The second lift was performed using a barbell system positioned within a metal track, such that the starting point of a lift could occur with the patient’s arms fully extended and the knees bent at 45°. The participants’ hands were placed in weightlifting gloves, with the wrist attached to the barbell, so as to assist with the grip of the weights. The subject was asked to keep the back aligned in an upward position, to lean away from the bar at 15°, and to retract the scapula. From this position, the knees were extended, and weights lifted for approximately 3 seconds (see Figure 2). The weights were sequentially increased, until the instructor again noted a faltering of form, indicating that the maximal weightlifting capacity was being approached. With this weight achieved, the weight was reduced by 30%, and the subject was asked to repeat the extension maneuver for three additional repetitions.

Figure 2 Hand lift: barbell system positioned according to gravitational wellness system.

The third lift was performed from a lying position using weightlifting gloves. The weights were again positioned within a track system such that only up-and-down movements were permitted. The participant’s position was such that the barbell was directly above the chin. The grip was slightly wider than shoulder width at the beginning position. A chest-press maneuver was then completed to full extension (see Figure 3).
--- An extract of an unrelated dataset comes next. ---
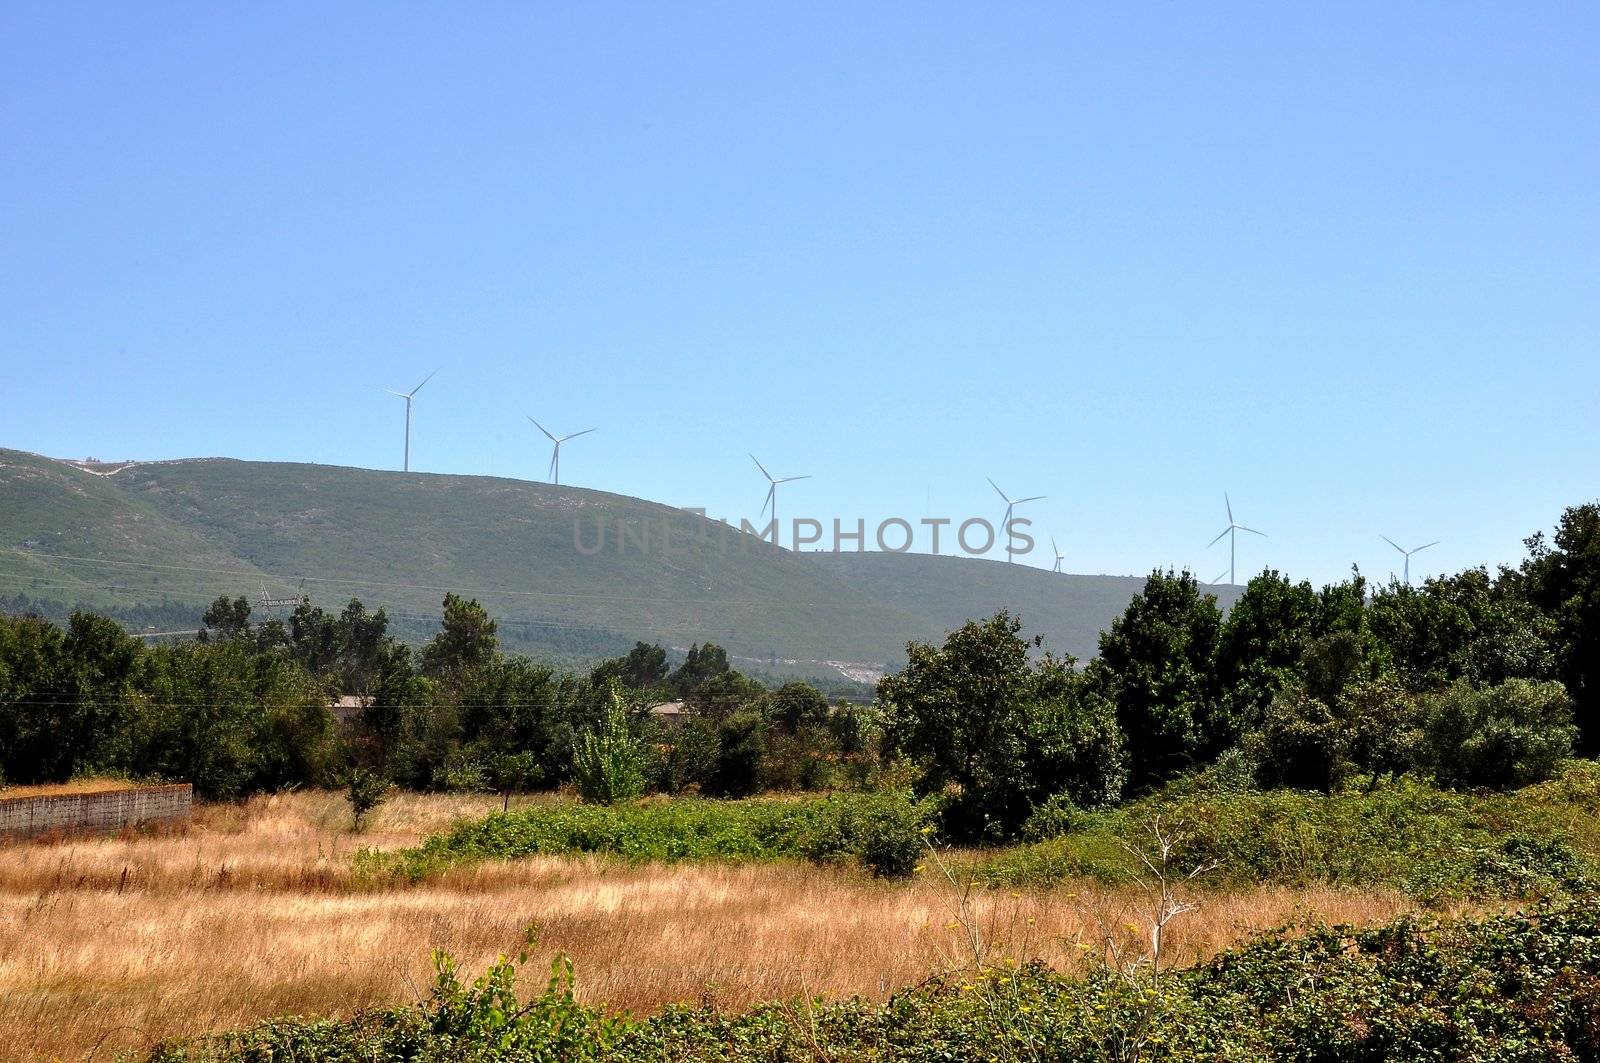 Landscape with wind power generators

As with the other exercises, weight was added until the subject demonstrated a faltering of form, indicating that the maximal weightlifting capacity was being approached. When this weight was achieved, the weight was reduced by 30%, and the participant was asked to complete three additional repetitions.

Figure 3 Chest lift: barbell system positioned according to gravitational wellness system.

The fourth lift was performed from a lying position using a barbell system contained within upright metal tracks. Wearing tennis shoes, the participant was instructed to lie on the mat, with the soles of the shoes placed at the mid-position of the plantar fascia. The starting position was determined such that the knees were bent at a 45° angle, with the participant instructed to extend the knees, lifting the weights for less than 3 seconds (see Figure 4). Weights were then added as in the previous exercises, until the instructor determined that the form of the subject was faltering, indicating that the maximal weightlifting capacity was being approached. The weight was then reduced by 30%, and the subject completed three additional repetitions. At this reduced weight, the subject’s foot was moved anteriorly and posteriorly on the bar such that the weight was lifted from contact positions just anterior to the calcaneus, and two additional positions until a final lift at the metatarsophalangeal joint. The final maneuver, using the previously described positioning, occurred using the final weight, as previously described. The instructor asked the participant to lift the weights, while the barbell was slowly rotated by the instructor, moving the contact position of the foot from the metatarsophalangeal joint to the anterior calcaneus and back.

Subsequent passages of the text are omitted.